LexShares is an online marketplace for investing in litigation. It connects plaintiffs in commercial legal disputes with investors to fund their cases. Founded in 2014, LexShares is privately owned with an office presence in New York City.

The LexShares platform, launched by co-founders Jay Greenberg and Max Volsky, is an online marketplace for litigation funding, similar to equity crowdfunding. The LexShares platform connects accredited investors with plaintiffs and attorneys looking for funding. Investors can buy a stake in the outcome of a lawsuit by giving plaintiffs, oftentimes business owners, the capital they need to pay legal fees or operate their business while in the midst of litigation.

LexShares funds individual commercial cases.
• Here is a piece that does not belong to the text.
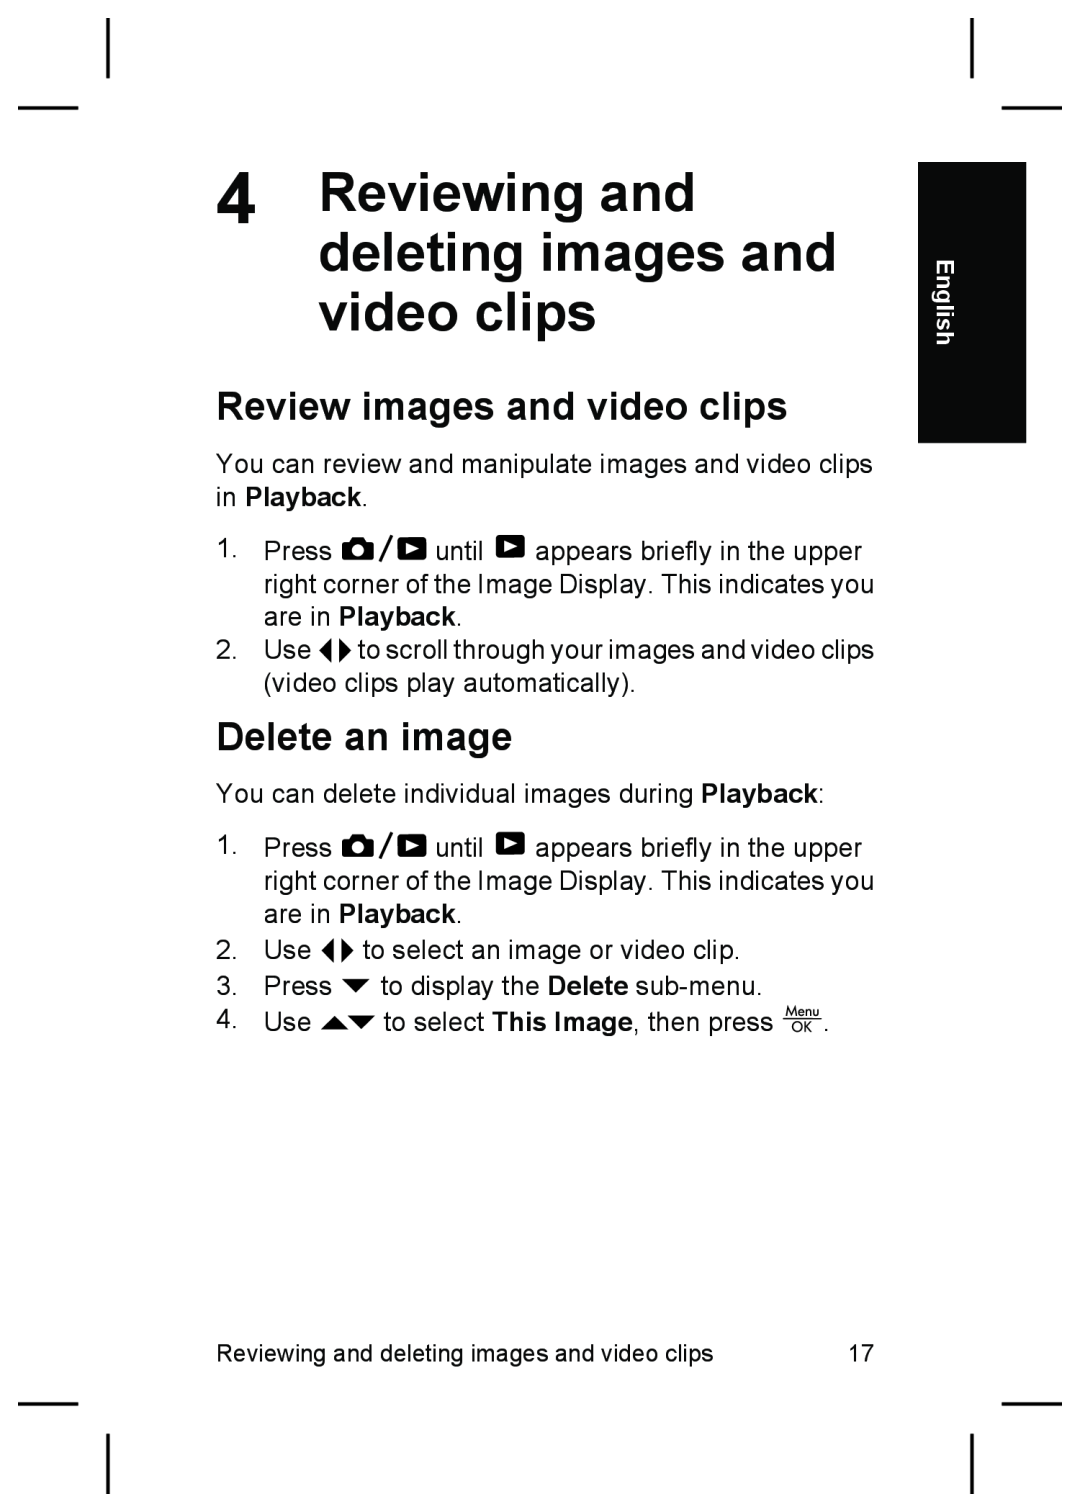 HP R927 manual Reviewing and deleting images and video clips, Review images and video clips, Delete an image

When a new case is offered, LexShares' investor network is notified and has the opportunity to invest through their online platform. In 2018, LexShares closed its debut $25 million multi-claim marketplace fund.

On 10 June 2020, LexShares confirmed the introduction of LexShares Marketplace Fund II (LMFII), a dedicated litigation finance fund with a target size of $100 million. LMFII will invest in litigation-related assets made available on the LexShares marketplace.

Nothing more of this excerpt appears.